• What is required
Write out exactly the lines from the one that contains "France, 1950s." down to the last line of the material below, keeping both ends and omitting pictures.

• Exercise data
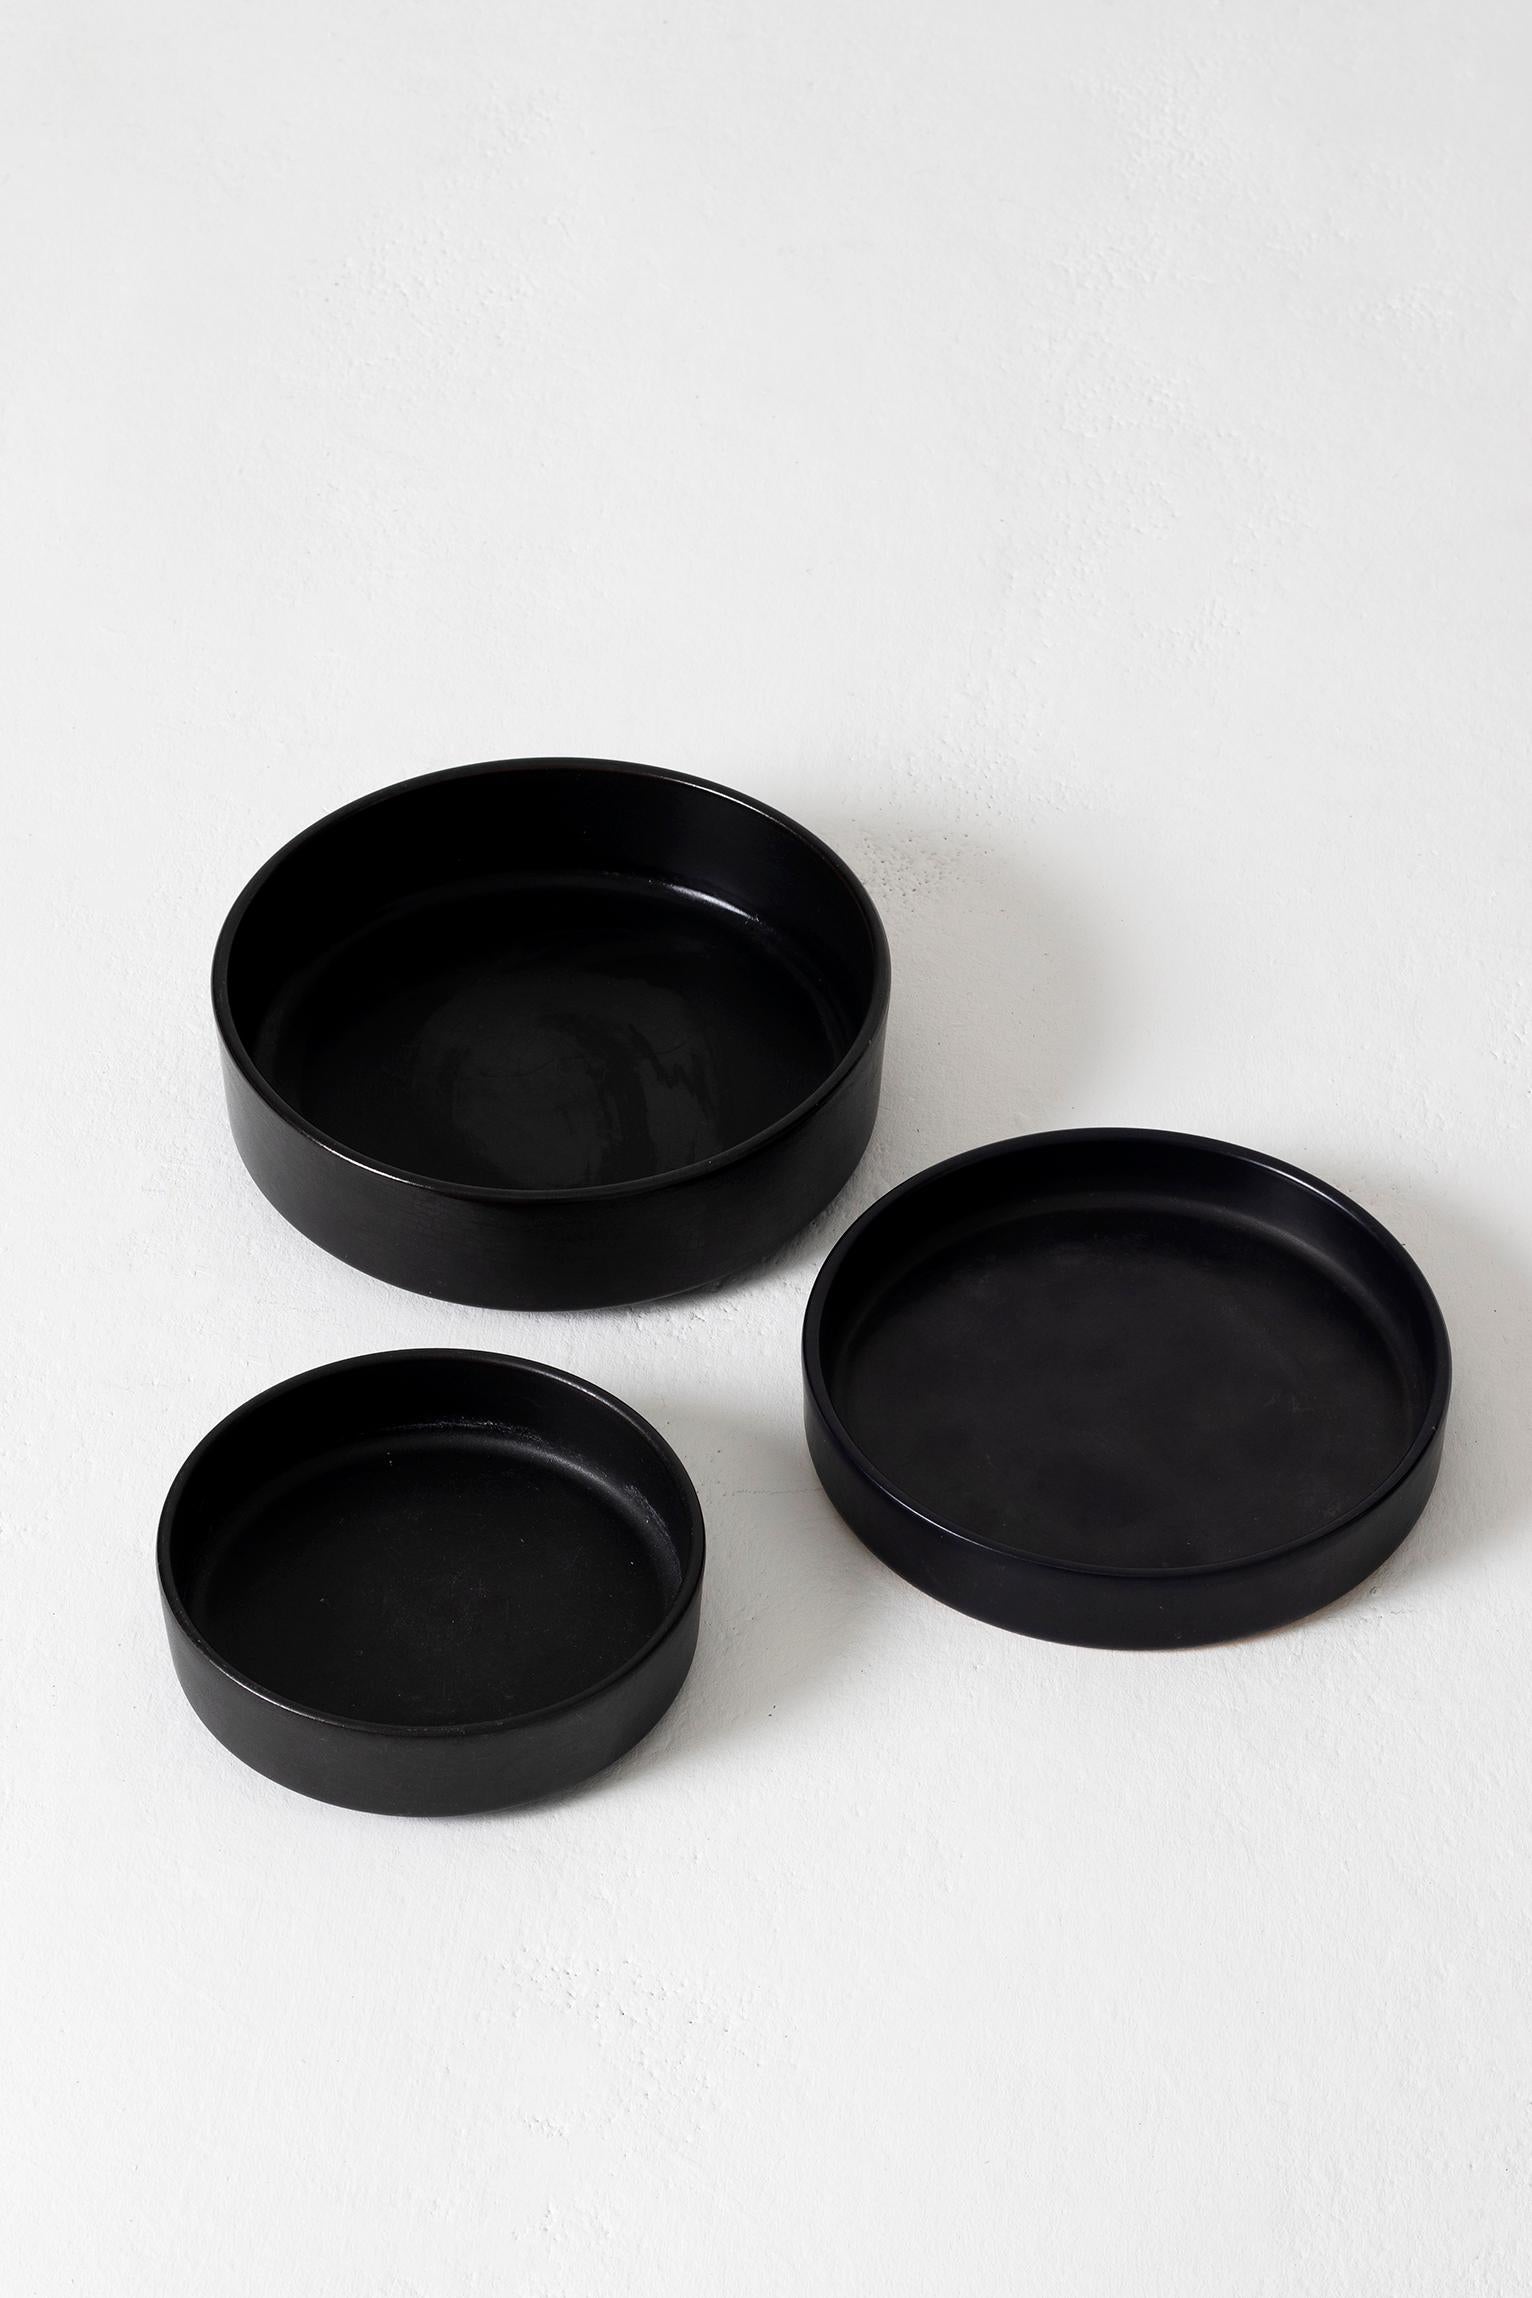 A set of three black ceramic bowls.
France, 1950s.
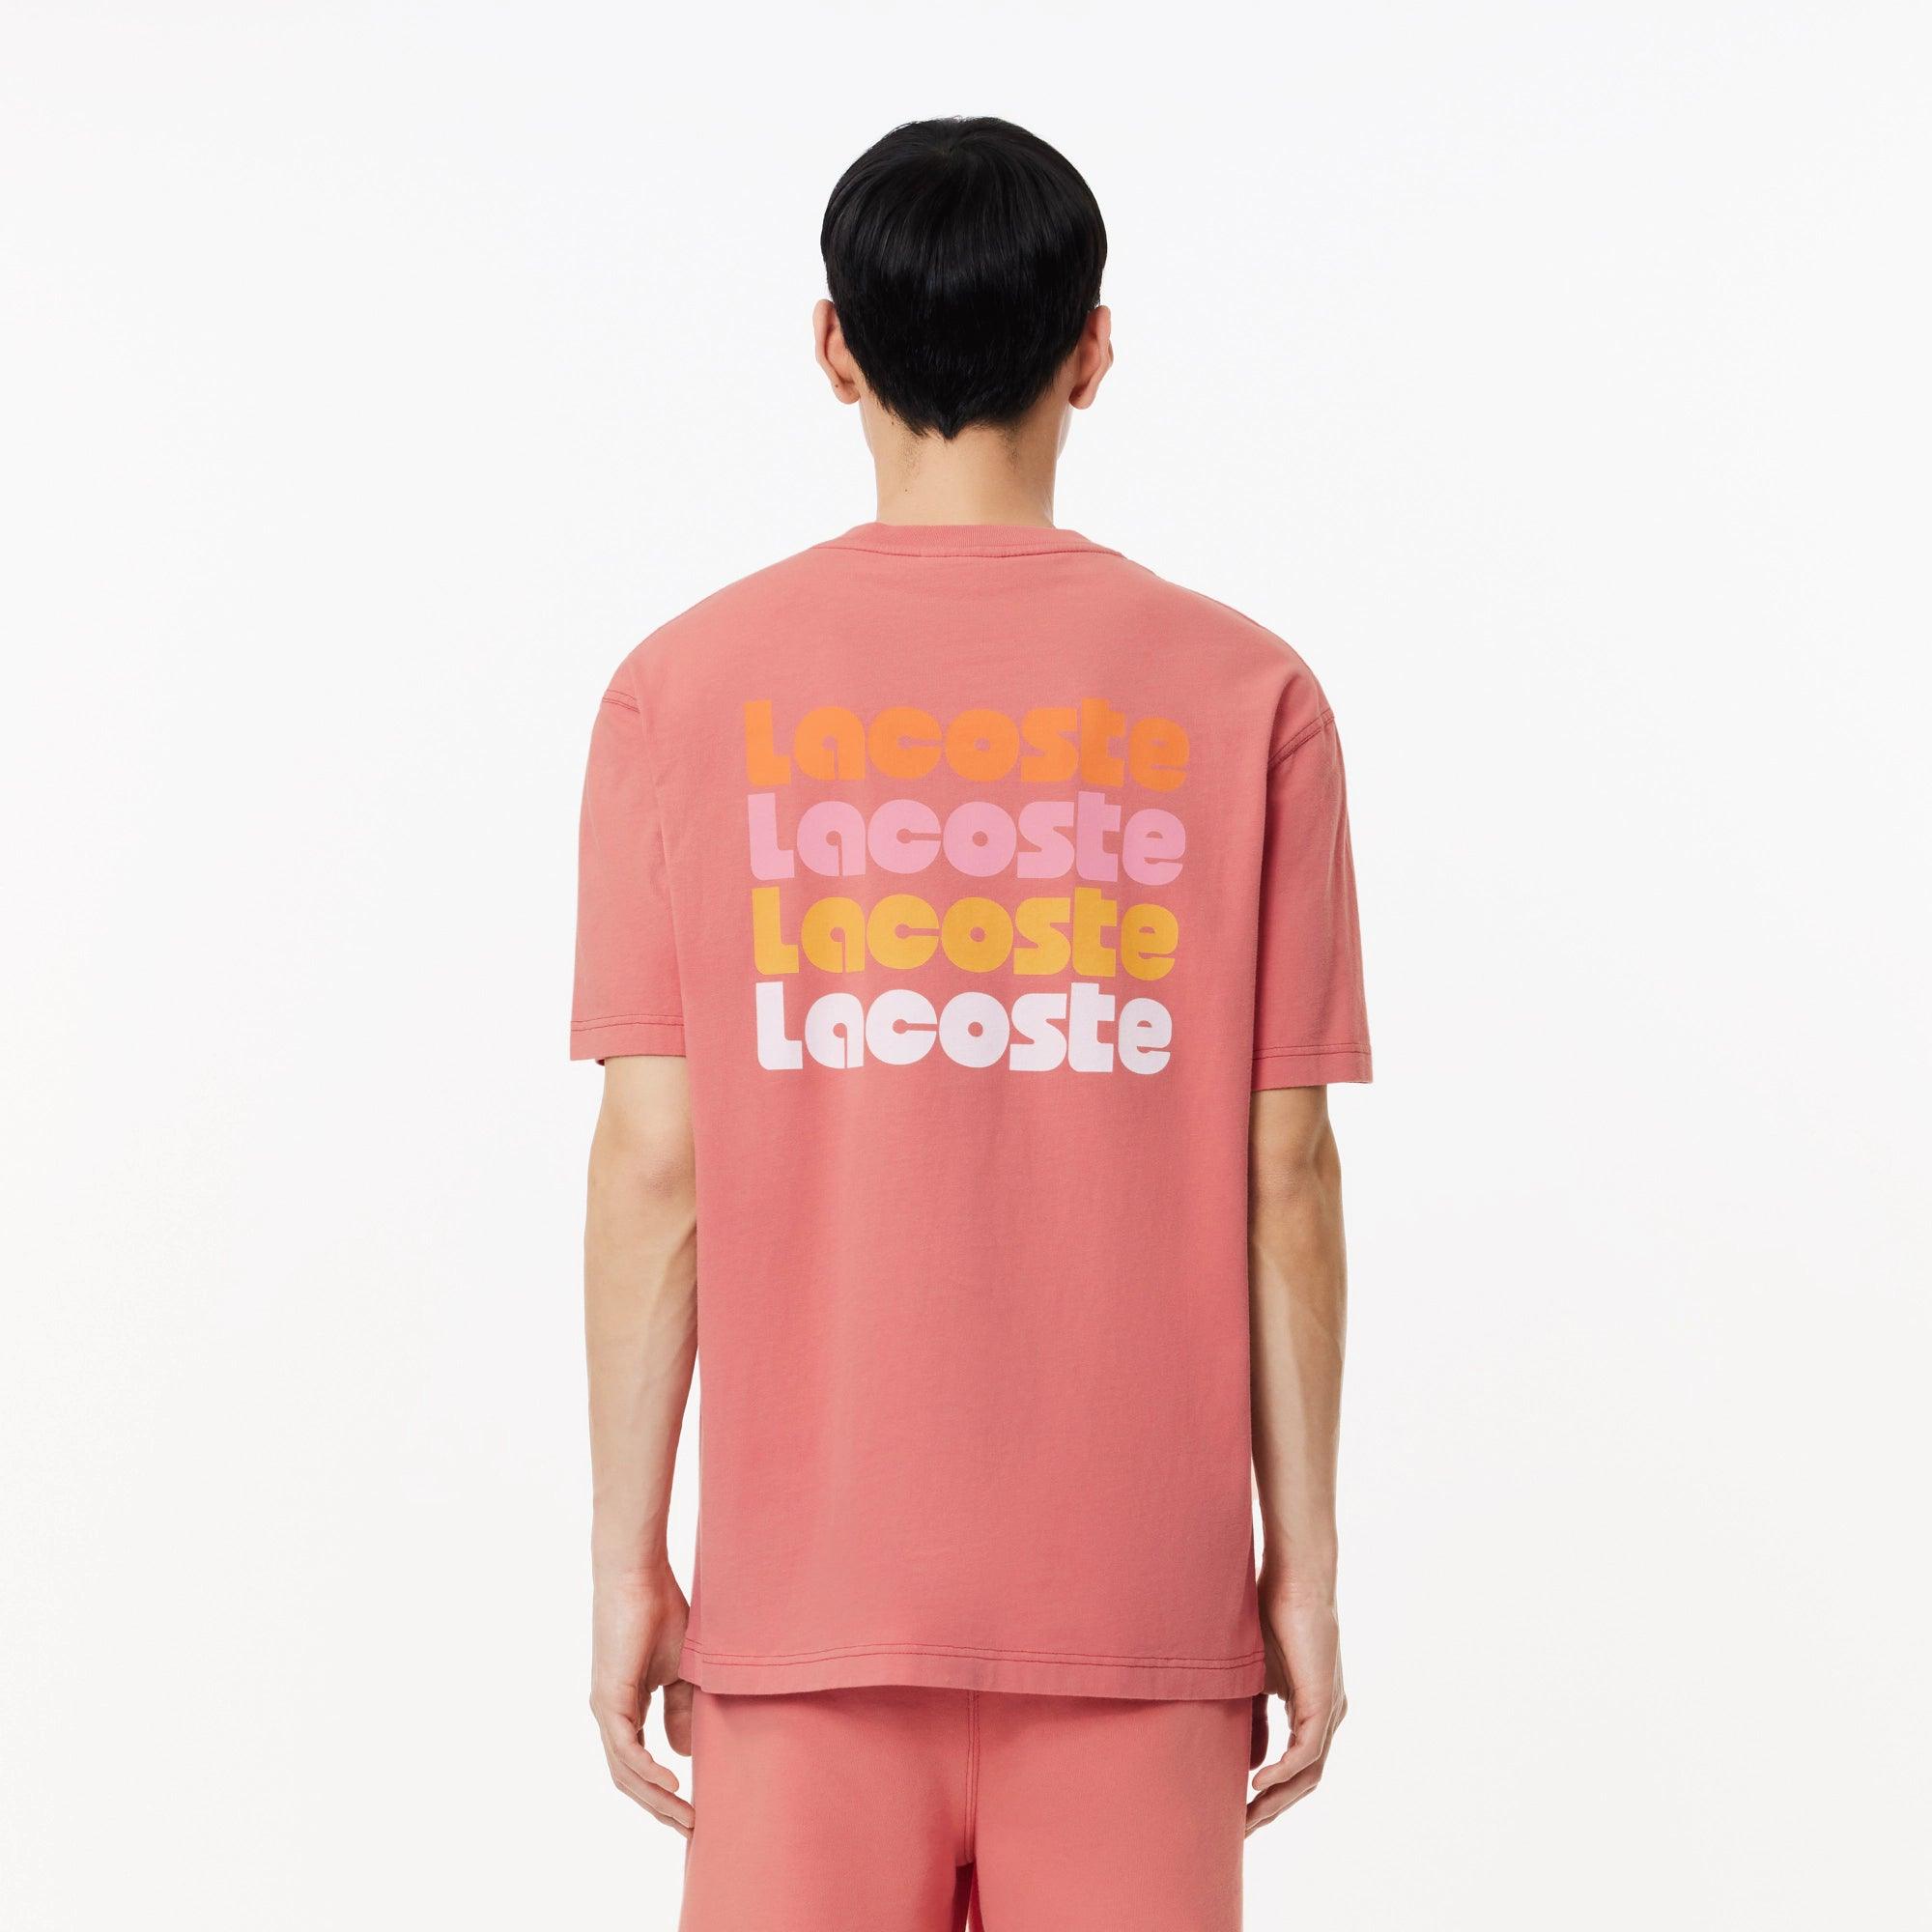 Camiseta LACOSTE Efecto Lavado Degradé Rosa - ECRU

• Reply to the exercise
France, 1950s.
 Camiseta LACOSTE Efecto Lavado Degradé Rosa - ECRU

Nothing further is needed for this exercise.